Otto Nebel (25 December 1892 – 12 September 1973) was a German painter born in Berlin, Germany.

Life
Nebel started his professional career 1909 in the field of building engineering. He took acting classes at the Lessingtheater in Berlin until 1914. His acting teachers were the famous Rudolf Blümner and Friedrich Kayssler. He wanted to give his debut at Stadttheater Haben when World War I broke out. Nebel spent the years of war on the German Eastern and Western Fronts. In 1918, during his 14-month war imprisonment in Colsterdale, England, he wrote his expressionistic poem Zuginsfeld condemning the war. In 1919, he returned to Berlin and became friends with Wassily Kandinsky, Paul Klee, Georg Muche, Kurt Schwitters, and their art. He joined the circle around Herwarth Walden and his wife Nell Walden. She initiated his collaboration at the Sturm gallery and the art school Der Sturm. Together with Hilla von Rebay und Rudolf Bauer he founded the artist group Der Krater in 1923. During this time he also worked for the magazine Der Sturm. Nebel married Hildegard Heitmeyer, the assistant of Gertrud Grunow, in 1924. He met Hildegard at the Bauhaus in Weimar. They stayed in Weimar until 1925 where they painted, wrote poems and acted. In 1933, when the National Socialists disparaged his work as degenerate art, he left Germany for Switzerland, first in Muntelier, and later in Bern. Nebel had financial problems because he was not allowed to work in Switzerland. Thanks to the effort of Kandinsky, he could regularly sell some of his paintings to the Solomon R. Guggenheim Foundation between 1936 and 1951. The German Federal Republic awarded Nebel the Order of Merit of the Federal Republic of Germany in 1965.

Early work
The cutthroat reality he experienced during the First World War as young soldier and army reserve lieutenant influenced his wish to pursue an artistic career. Landmarks for making this decision were the commemorative exhibition for Franz Marc and Nebel's acquaintance with Herwarth Walden, whom he met in 1916 in Berlin. Walden provided an important platform for avant-garde approaches in art, literature, and music with both his Der Sturm gallery and the journal with the same name, and thereby greatly facilitated the breakthrough of expression.

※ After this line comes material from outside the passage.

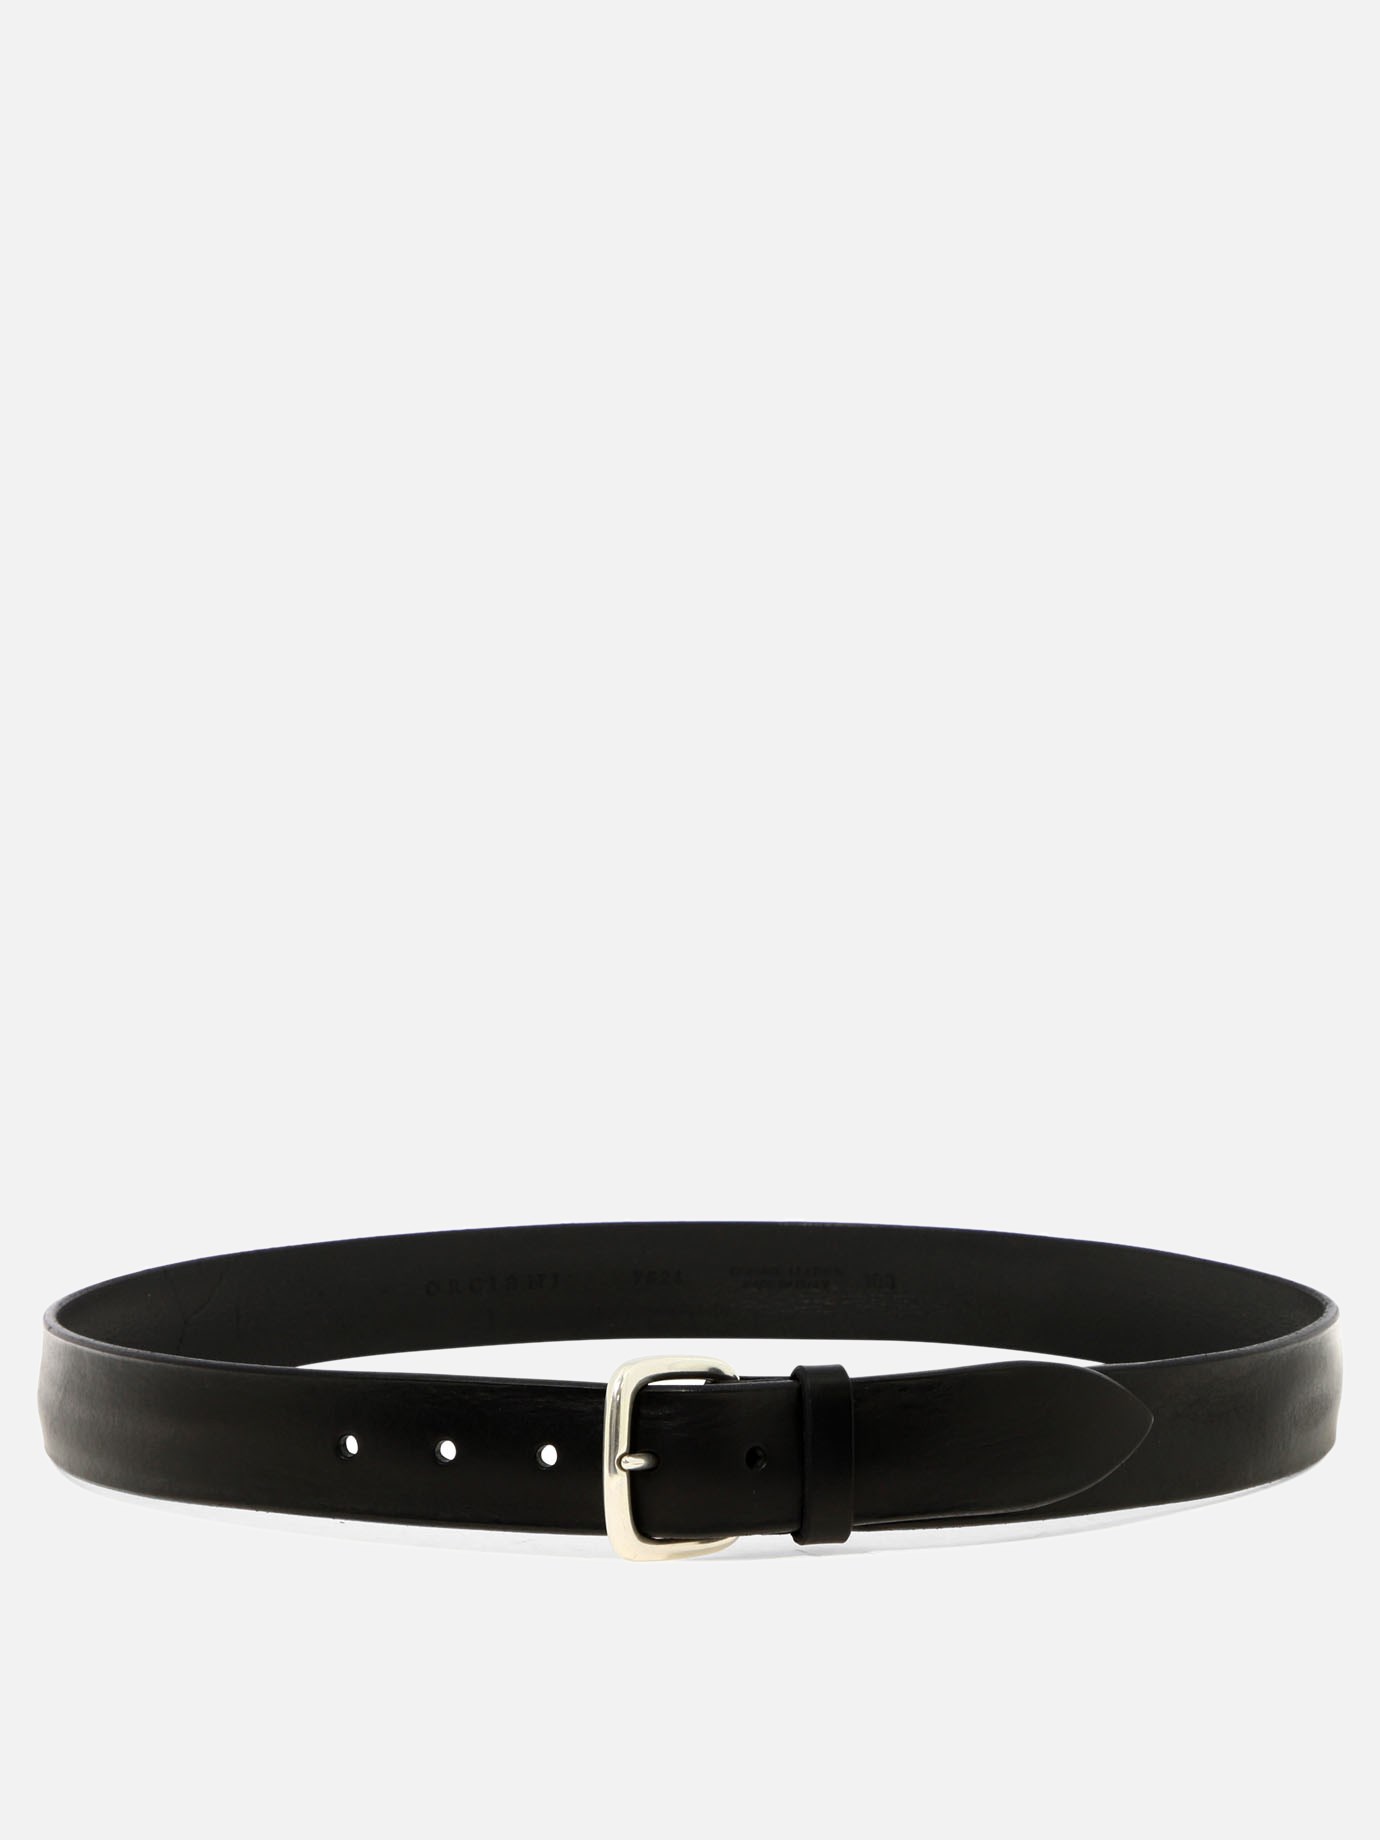 Bull Soft  beltby Orciani - 2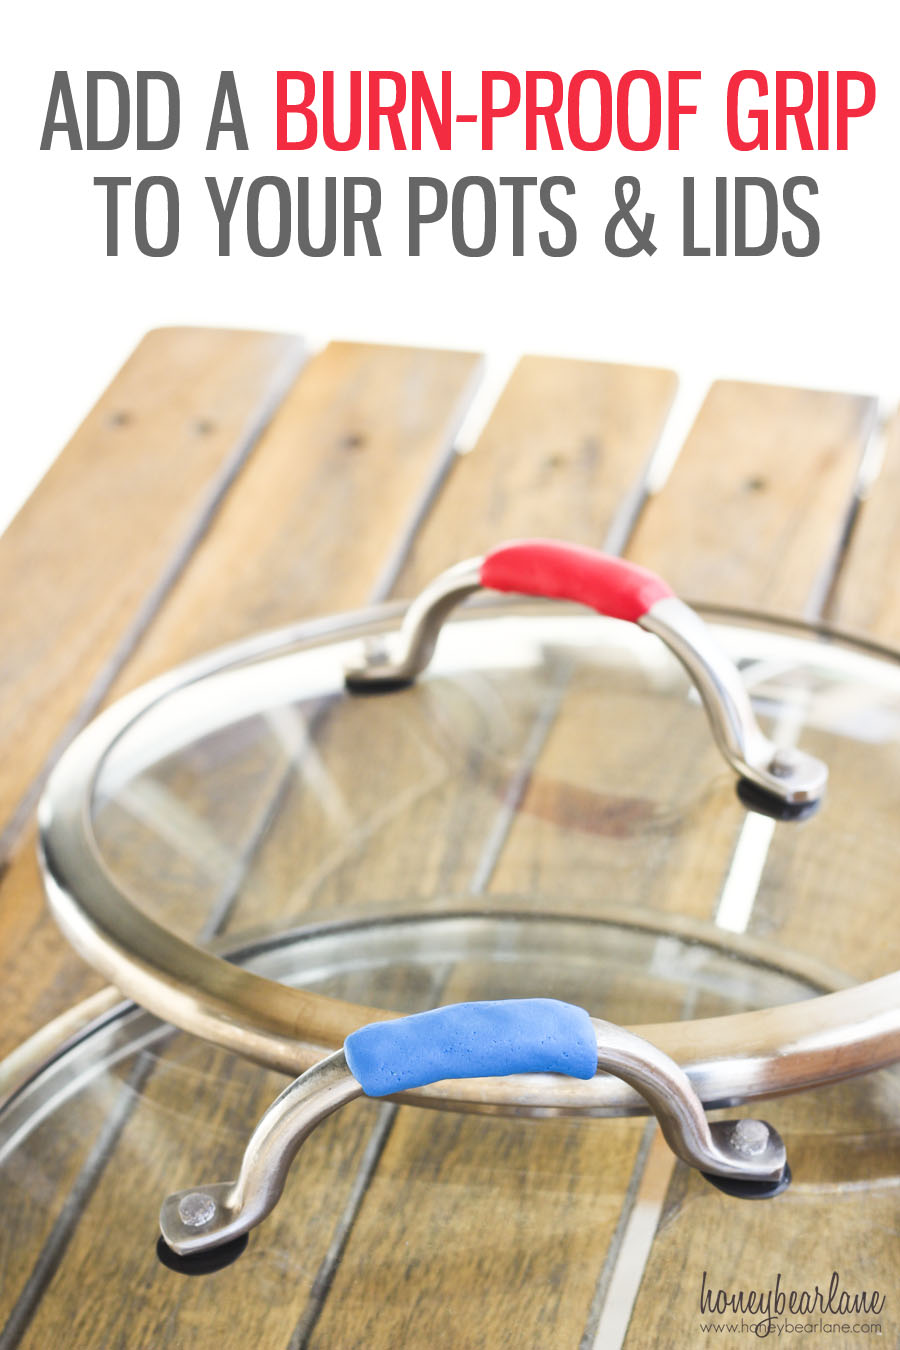 How to make heatproof grips for your pots and pans

Nebel's distressing experiences during the war is the central theme in his literary debut "Zuginsfeld" (1920). The 6,000-verse poem picks up the thread of August Stramm's poetry and the ensuing Der Sturm school while, however, exploring new paths. The literary collage depicts the mayhem of war by adopting its typical language. Associatively and playing with words, Nebel produced never-ending word chains using authentic word snippets from military orders, passwords and watchwords, headlines, folk songs, and from the language of the educated in Wilhelmine Germany. The satiric bite of the textual collage is visually manifest in the series of drawings for "Zuginsfeld", which he first executed in 1930. With barbed pen Nebel made caricatures in 50 pen-and-ink drawings of the military and other groups in society who, in his eyes, stirred up elation for the war. The grotesque figures are strongly reminiscent of the imagery used by Georg Grosz and Otto Dix.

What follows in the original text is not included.